Литмир - Электронная Библиотека
A
A

В первые же месяцы войны у них в деревне остались только женщины с детьми да из мужиков три калеки. К самолетам, летящим бомбить Москву, привыкли. Привыкли и к обозам с ранеными, и к беженцам, и к разному непонятному люду, проходившему через деревню. А когда канонада стала слышнее, а сводки с фронтов всё тревожнее, многие засуетились. У кого родня была в Москве, а кто и так, наобум, засобирались.

Немец придет — что делать? Уж лучше подальше, лучше со своими. А то ведь такое рассказывают! Беженцы-то. Хоть и листовки немец кидает, жизнь райскую расписывает, а всё одно страшно.

Почти всех лошадей из деревни забрали для фронта, поэтому пошли пешком, вливаясь в колонны беженцев.

Вот и Настя, посоветовавшись с родней Николая, в одно октябрьское, еще по-осеннему теплое утро взяла корзину побольше, уложила туда продукты, закрыла дом и отправилась в Москву вместе с соседкой Нюрой и тремя ее детьми — всё лучше, чем одной.

В Москве она собиралась разыскать Аграфену. Та работала в заводской столовой, имела свой угол и могла приютить, хотя бы на первое время. До войны Настя, когда бывала в Москве, обязательно заходила к ней с гостинцами, одна или с Николаем и с Васильком. Пили чай, а то и покрепче что, разговаривали, вспоминали.

Настя села, опершись спиной о ствол сосны, возле которой упала, провела рукой по щеке — кровь.

«Своя, наверное, ведь бежала не разбирая дороги. Как глаза целы остались! Или все же чужая? — Она заставила себя встать, осмотрела одежду — юбку немного порвала, наверное, зацепилась за что-то. И на руке кровь. Царапина. А так вроде цела, ничего не болит. Надо вернуться, помочь, может, кто живой, раненый. И Нюра с детьми — что с ними?»

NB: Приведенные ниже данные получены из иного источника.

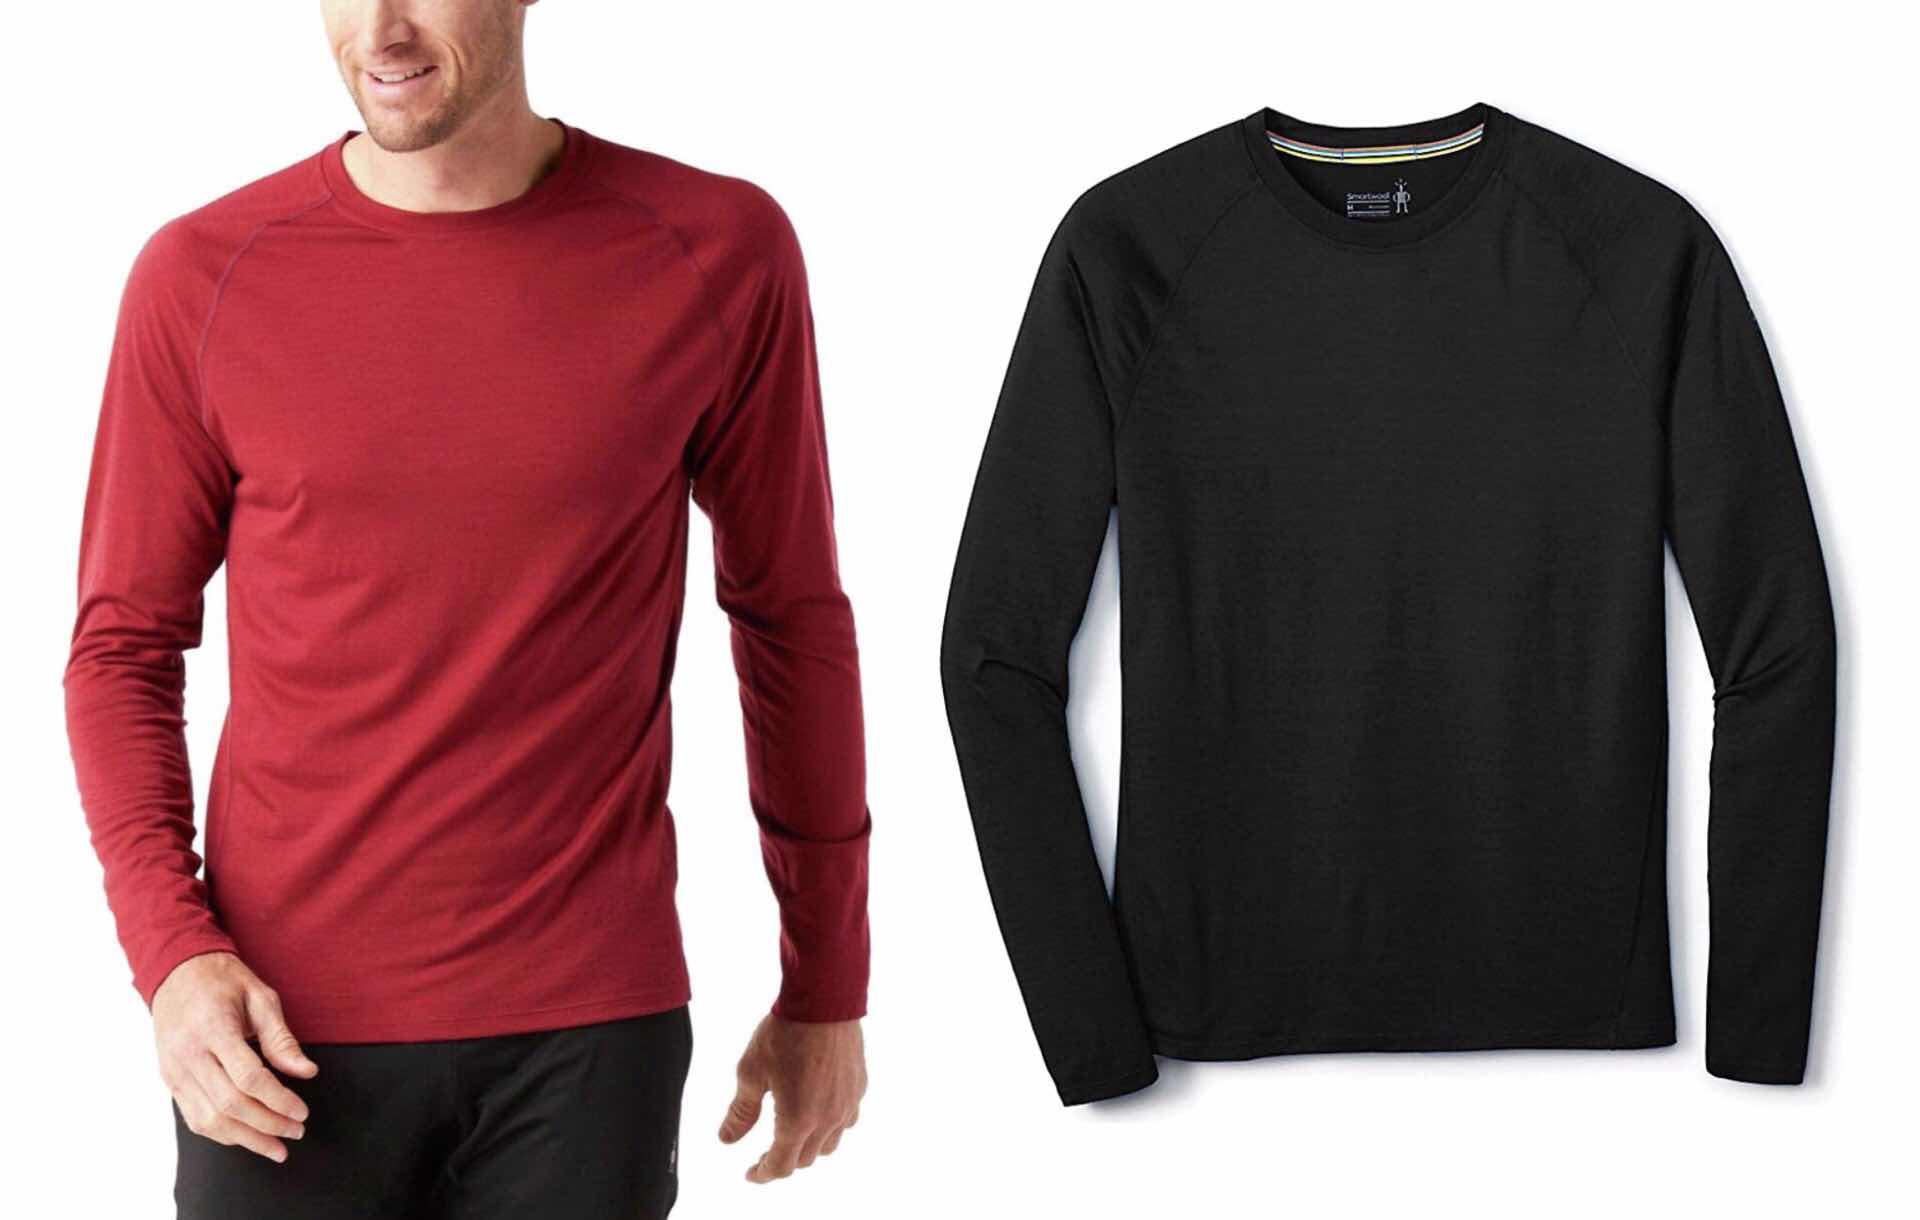 smartwool-mens-merino-150-base-layer-long-sleeve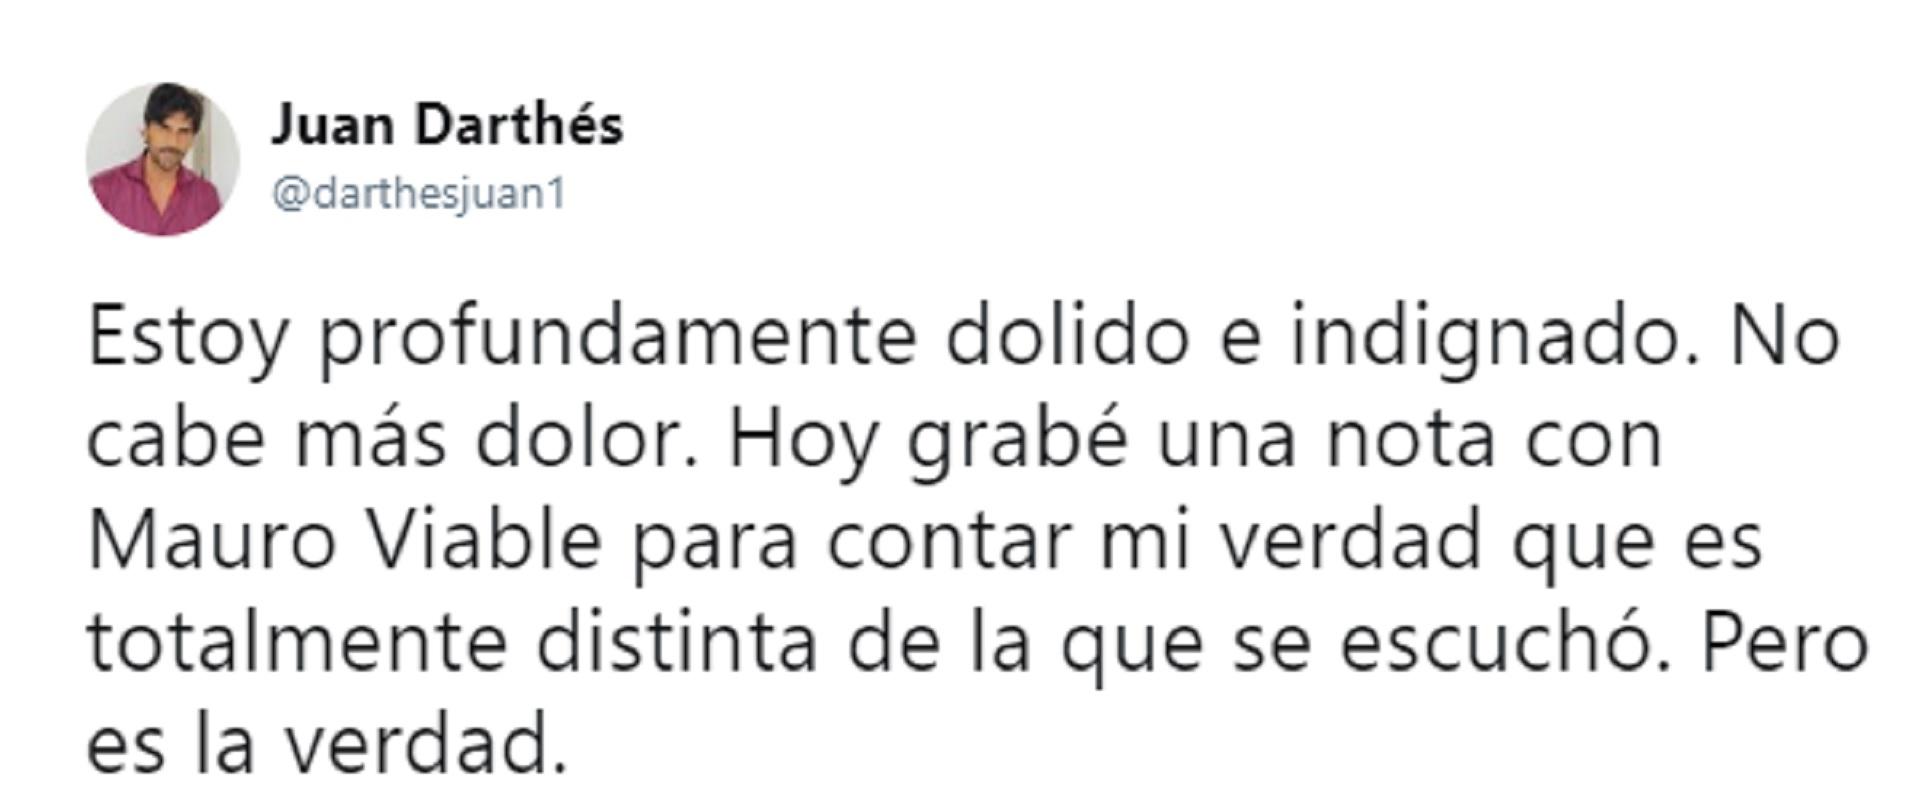 El mensaje de Juan Darthés en Twitter

Сначала они с соседкой шли вместе, Настя помогала ей нести годовалую Катю. Потом Нюра с детьми отстала, сказала, что догонит. И тут — самолеты! Видно, не все бомбы над Москвой сбросили, отогнали их наши зенитчики.

Настя снова, как наяву, увидела падающих людей, услышала крики и рев самолетов. И страх вернулся! С трудом пересиливая его, она медленно пошла назад, к дороге. Солнце припекало, расходилось теплыми, осенними волнами. Лес жил своей мирной жизнью, и эта жизнь так не совпадала с жизнью людей и с ее, Настиной, жизнью.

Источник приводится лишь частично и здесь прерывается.